Saturday, May 26, 2018

"Swing Low, White Women"



"An attempt to vest a nineteenth-century radical black woman with the accoutrement of twenty-first century mainstream white feminism misses the mark by evoking a false comparison. The statue of Tubman depicts her in the act of one of her several emancipatory journeys. In her dress we see embedded the faces of enslaved people she helped to free, at personal risk to herself. Behind her are the “roots of slavery” attempting to drag her back. Women’s March attendees generally occupy a place that is safe enough that they voluntarily bring their children with them. The vast majority of participants (myself included) are privileged in one or more ways, and extremely so by comparison. While not explicit, the image brings up the comparison of white women’s oppression to slavery – an argument resurrected from white liberalism’s antislavery past. Then and now, the too-easy comparison of Tubman’s struggle to that of free white women elides black women’s presence and activism... 
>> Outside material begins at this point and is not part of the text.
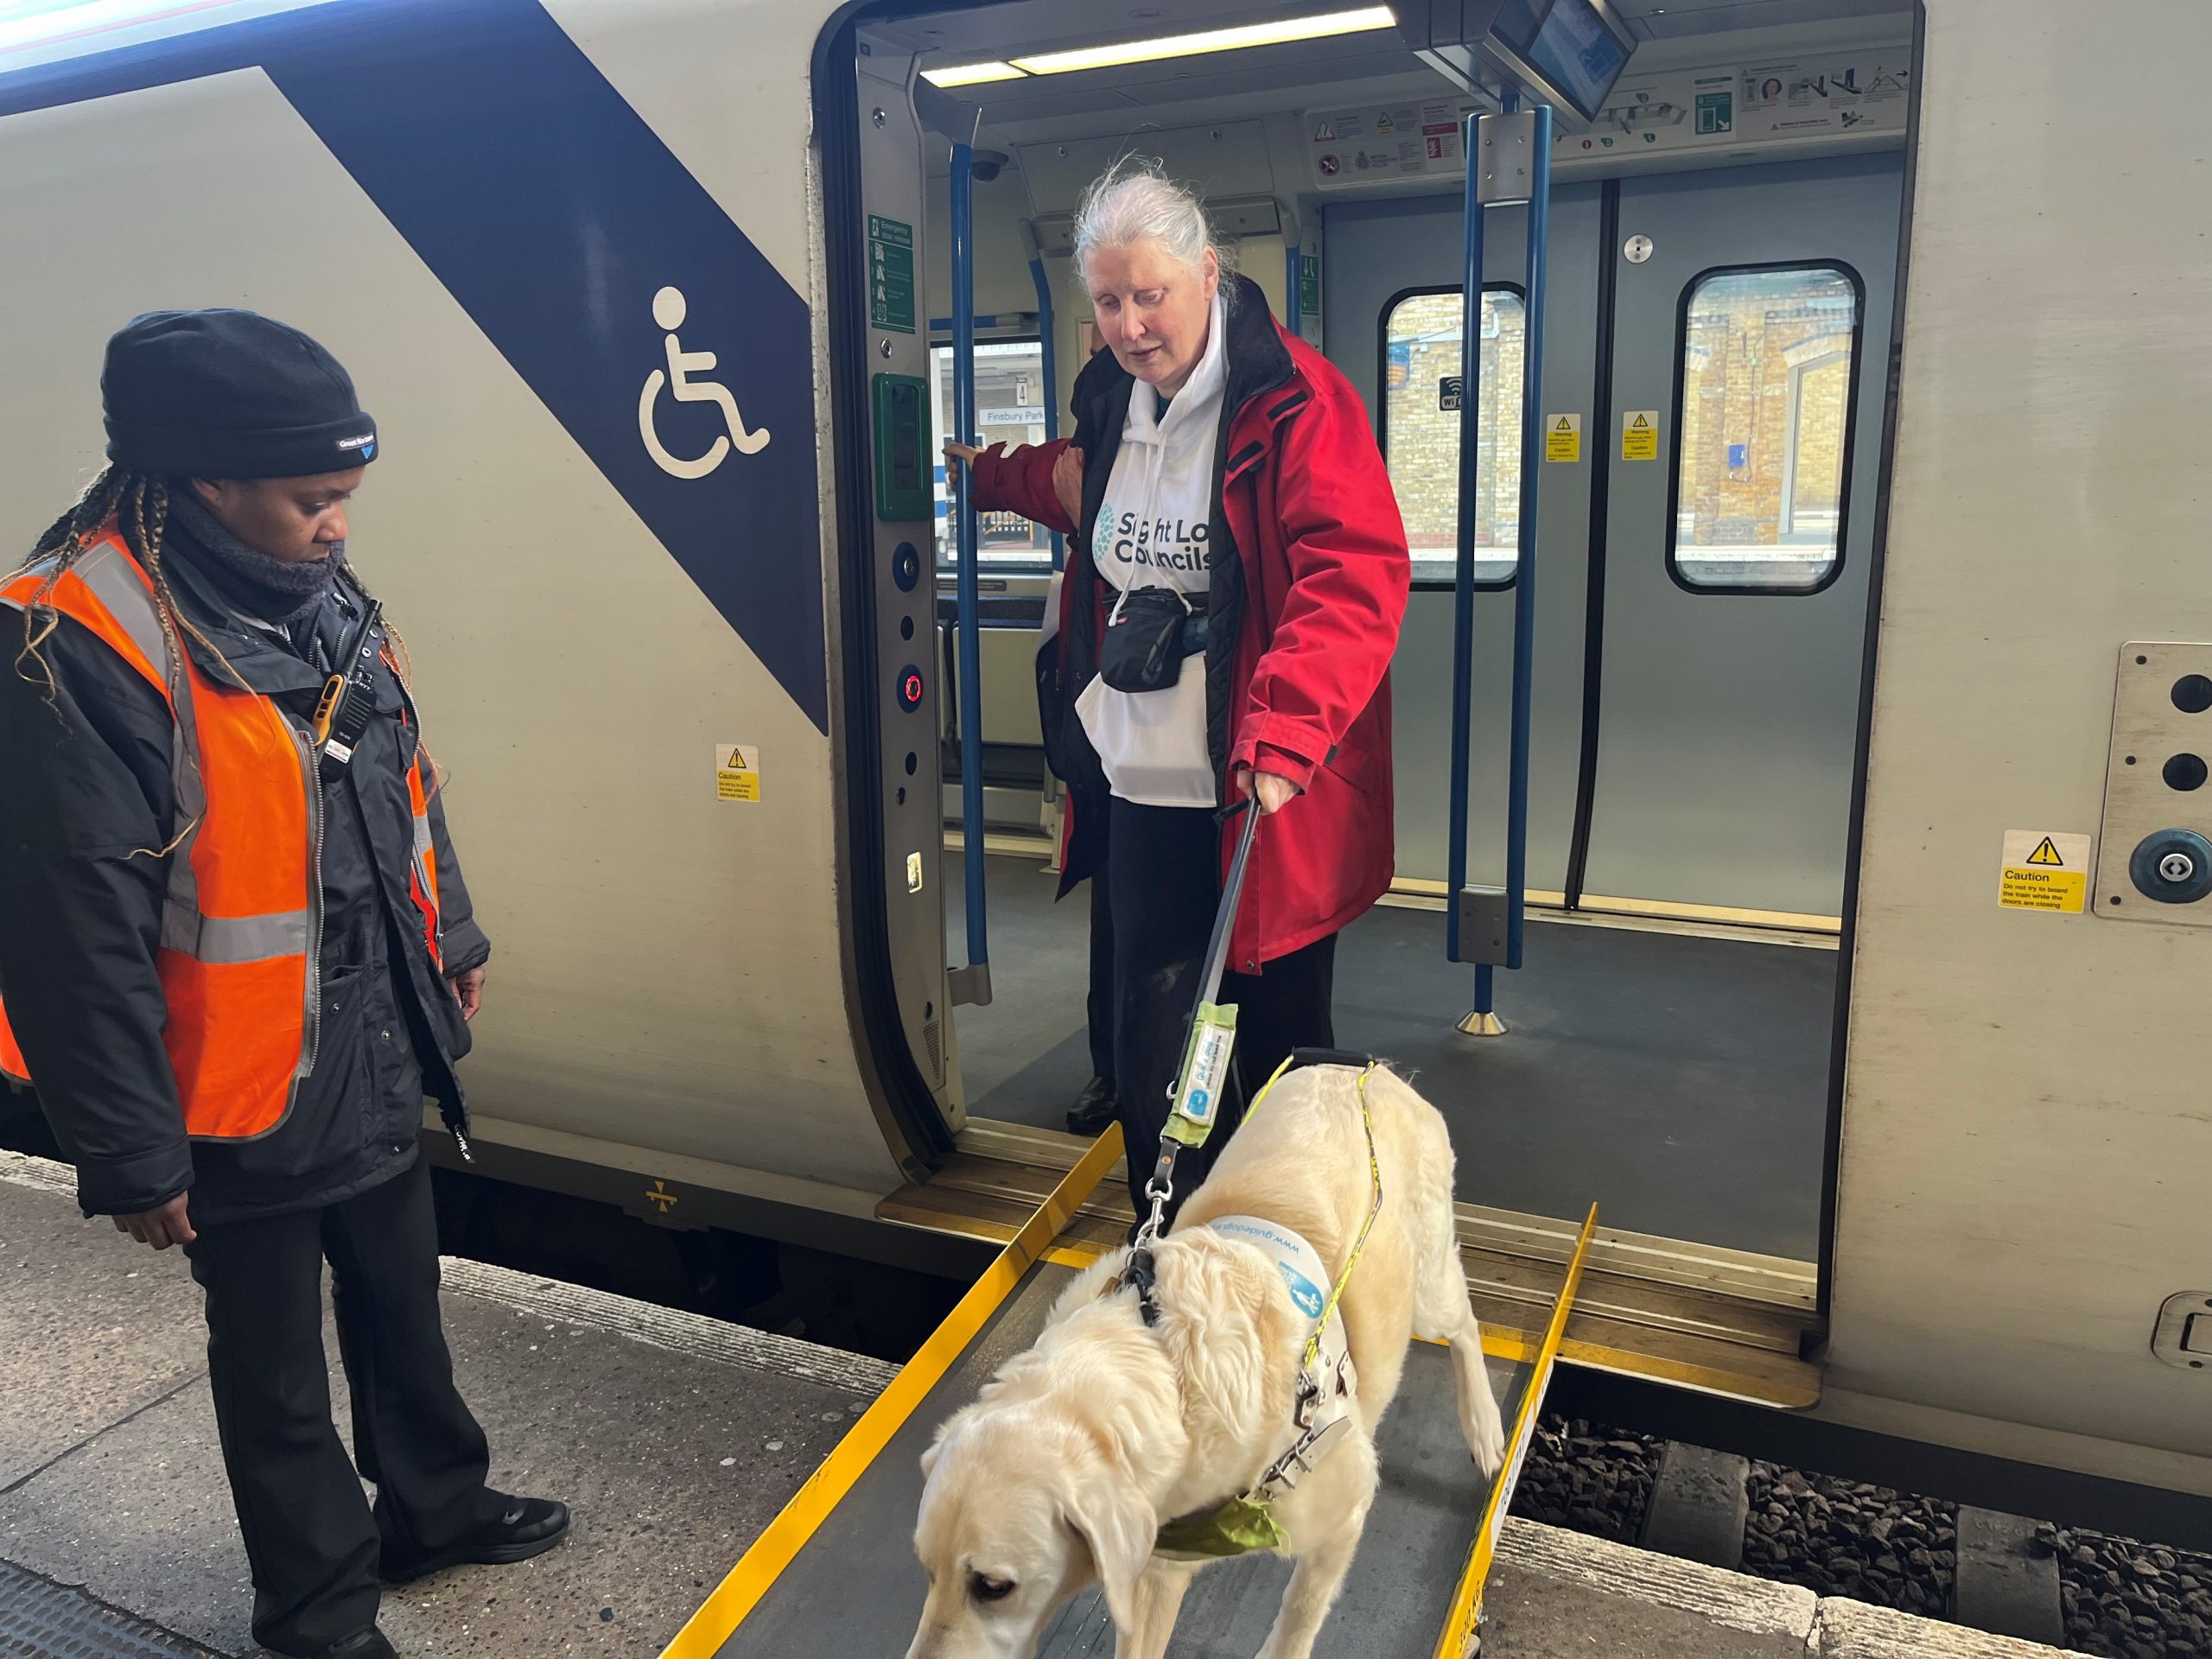 Mary Cox, South West London SLC member, disembarking a train with her guide dog, as a member of staff looks on.

those shortcomings range from de-centering, omitting, and silencing women of color’s voices to the prioritization of biological sex and subsequent exclusion of transgender women to individual accounts of microaggression like the one I encountered last year. And they are utterly, utterly unsurprising to women of color in 2018."

http://avidly.lareviewofbooks.org/2018/01/22/swing-low-white-women/


FB: "When one 2018 attendee claims in her sign, “If Hilary was president we would all be at brunch right now,” women of color know who the “we” here is and wonder how deliberate that “we” is in imagining that a white woman president would miraculously leave nothing left to protest."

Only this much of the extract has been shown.